Every line of the data below should be repeated exactly, and no picture should be copied.

Information shown START

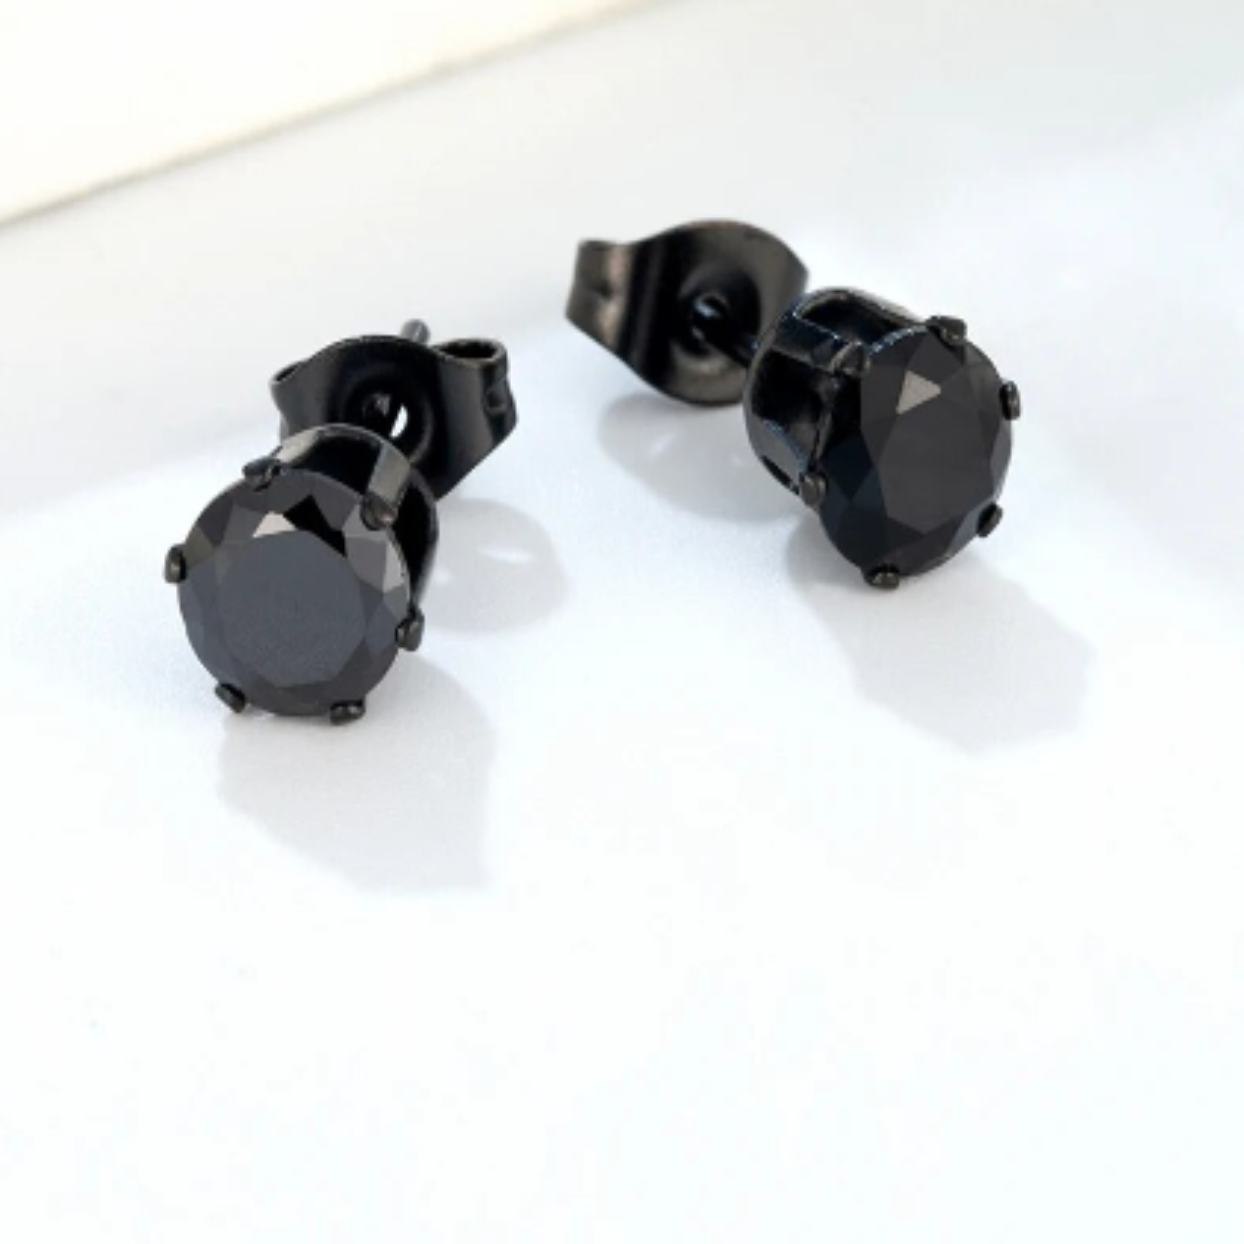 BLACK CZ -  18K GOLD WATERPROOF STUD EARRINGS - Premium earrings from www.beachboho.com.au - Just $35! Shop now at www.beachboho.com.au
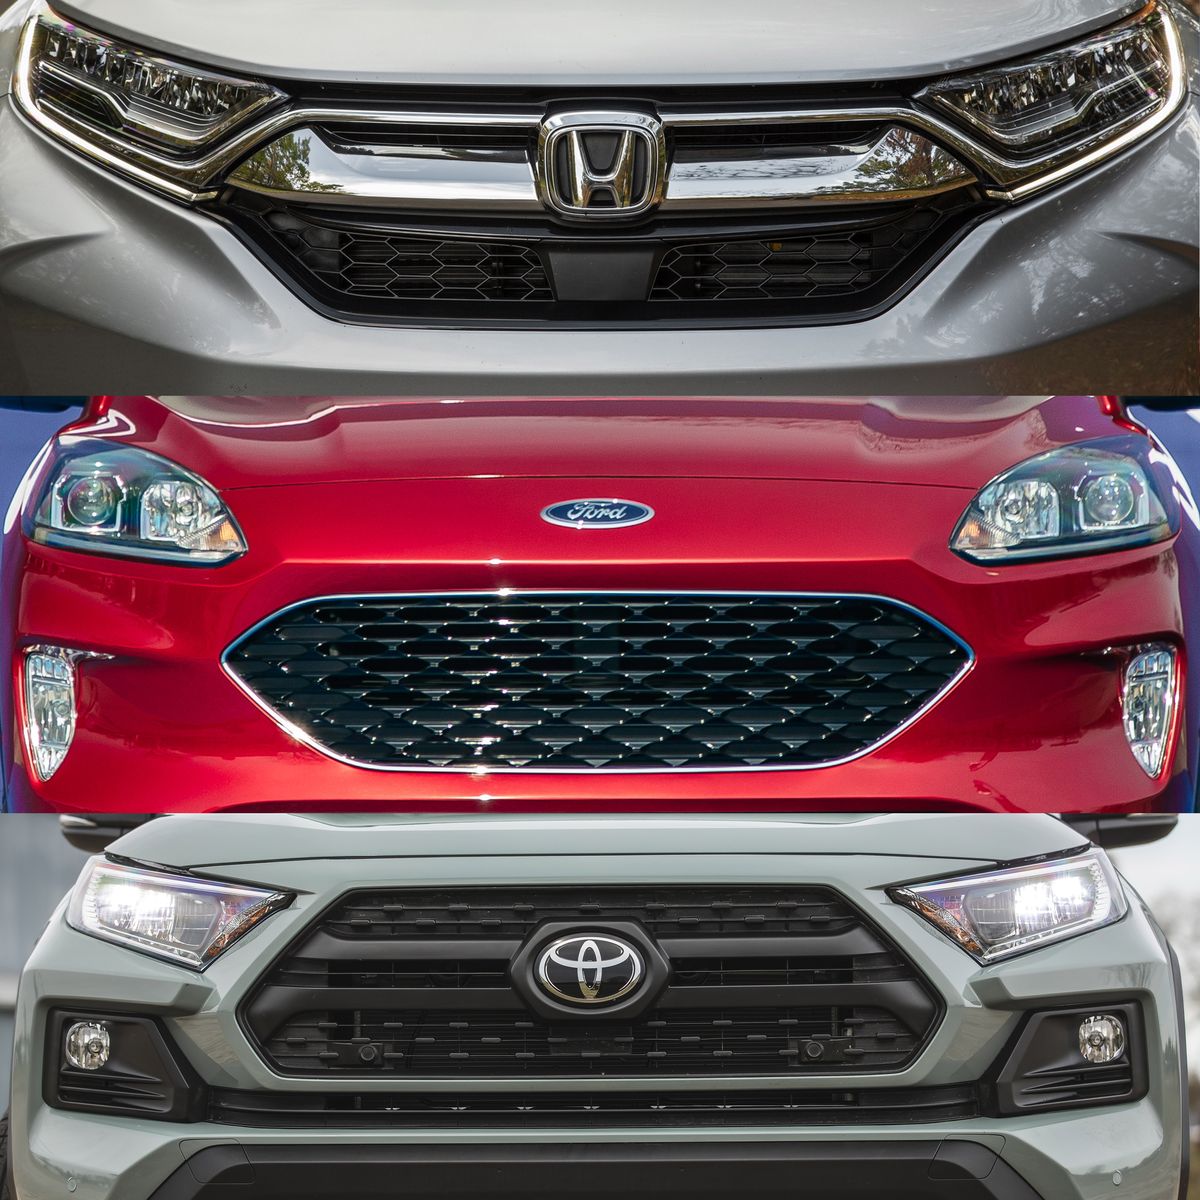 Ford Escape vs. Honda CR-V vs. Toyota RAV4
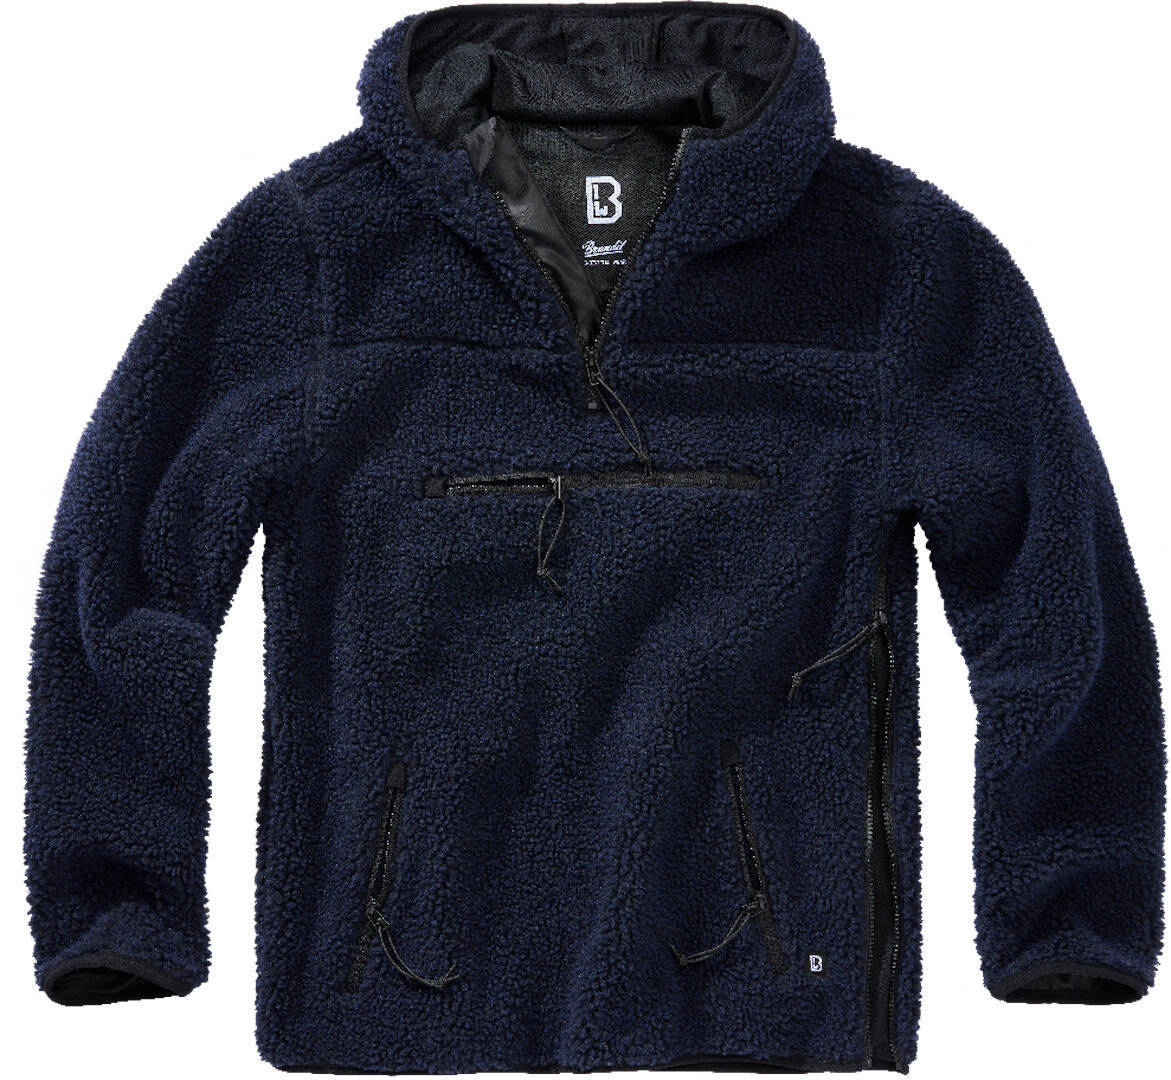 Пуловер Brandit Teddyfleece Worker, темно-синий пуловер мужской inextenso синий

Information shown END

Response:
 BLACK CZ -  18K GOLD WATERPROOF STUD EARRINGS - Premium earrings from www.beachboho.com.au - Just $35! Shop now at www.beachboho.com.au
 Ford Escape vs. Honda CR-V vs. Toyota RAV4
 Пуловер Brandit Teddyfleece Worker, темно-синий пуловер мужской inextenso синий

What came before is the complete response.